▶ _Problem_: Repeat every line of the data exactly, but not the pictures.

▶ _Provided material_:
------------------------------------------------------------------------
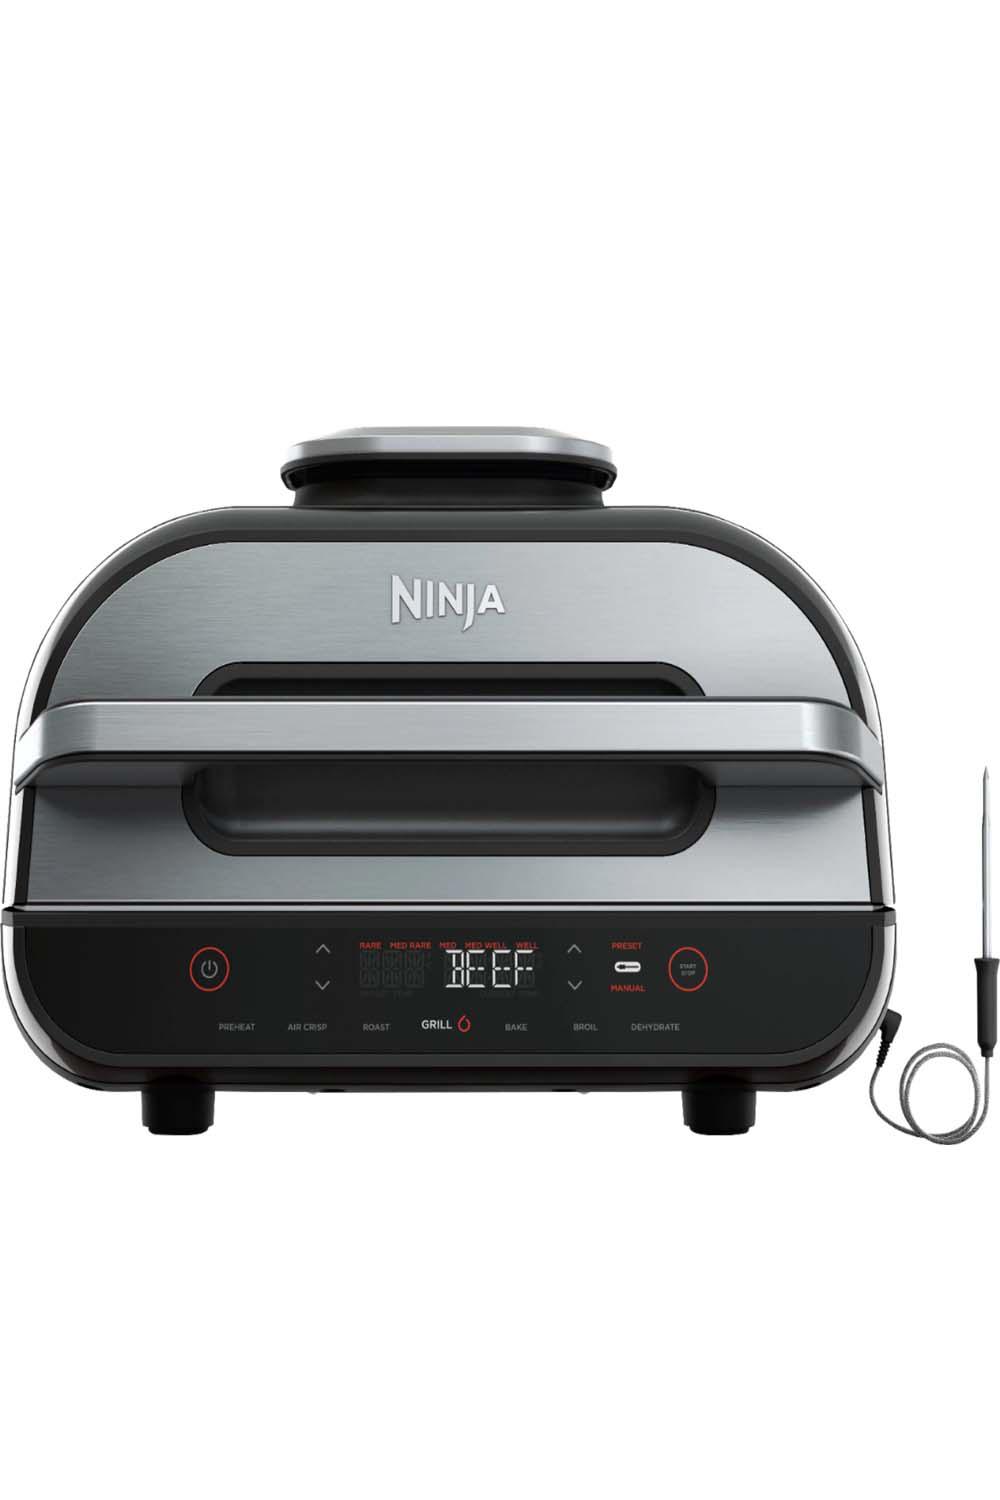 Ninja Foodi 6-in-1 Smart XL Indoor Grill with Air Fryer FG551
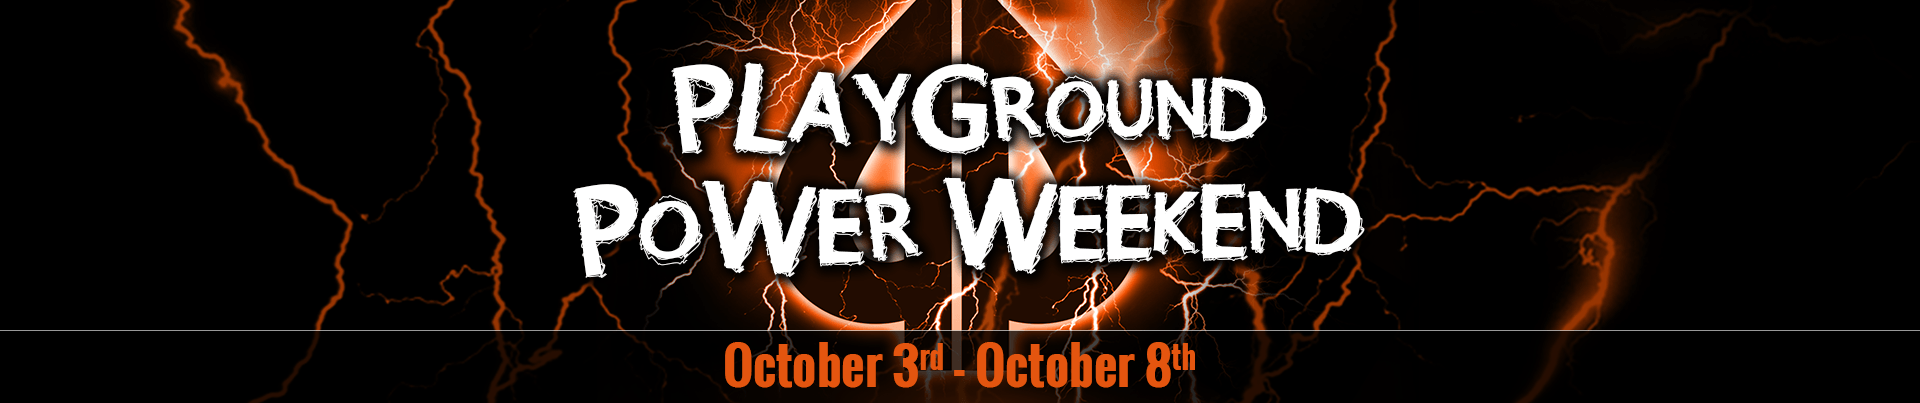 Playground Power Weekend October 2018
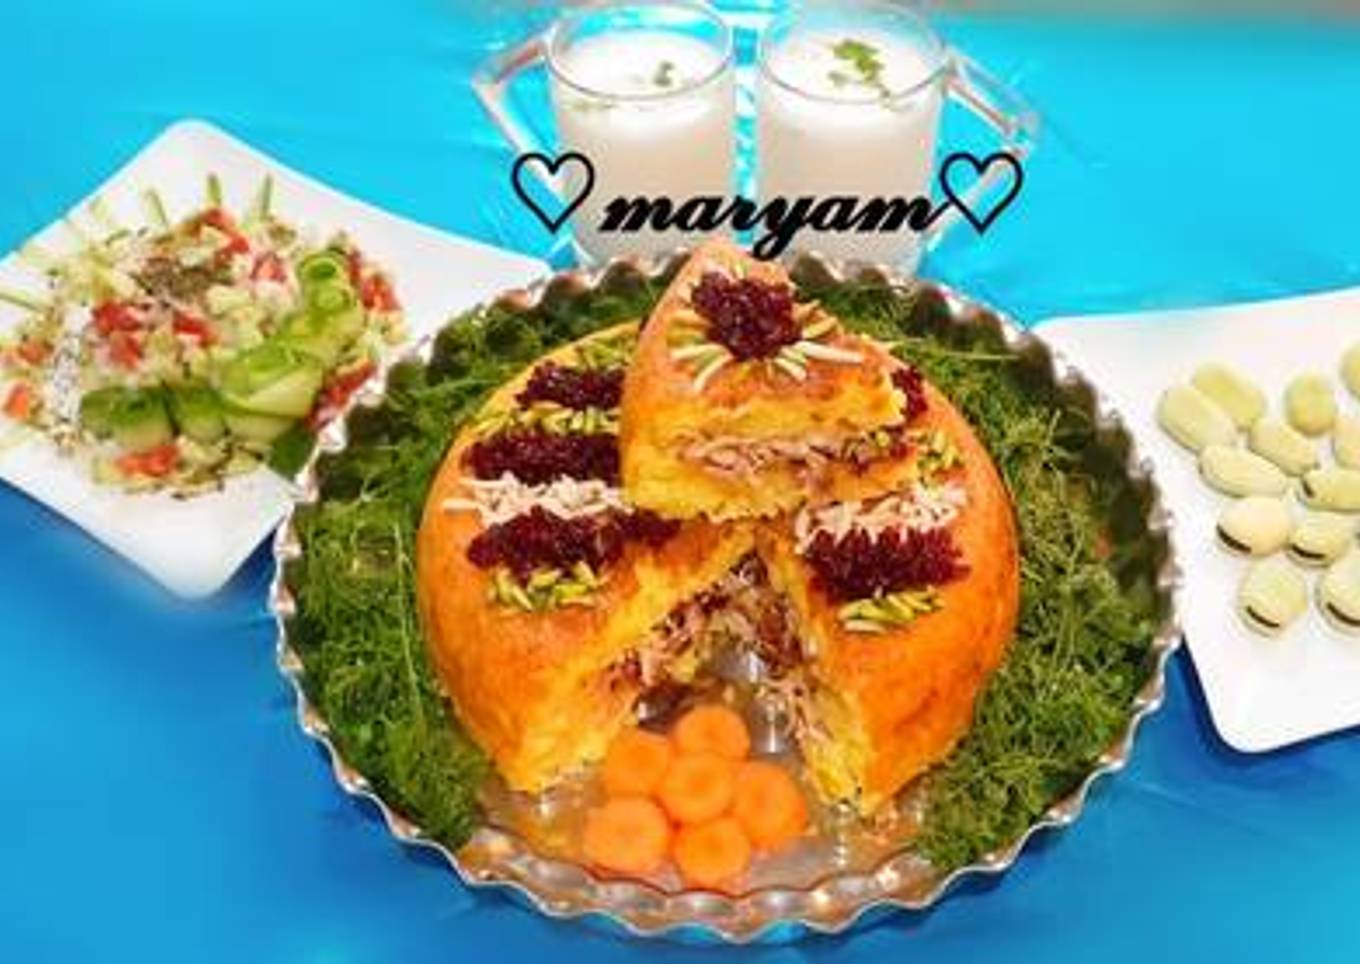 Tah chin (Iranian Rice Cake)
------------------------------------------------------------------------
▶ _Output for this task_:
 Ninja Foodi 6-in-1 Smart XL Indoor Grill with Air Fryer FG551
 Playground Power Weekend October 2018
 Tah chin (Iranian Rice Cake)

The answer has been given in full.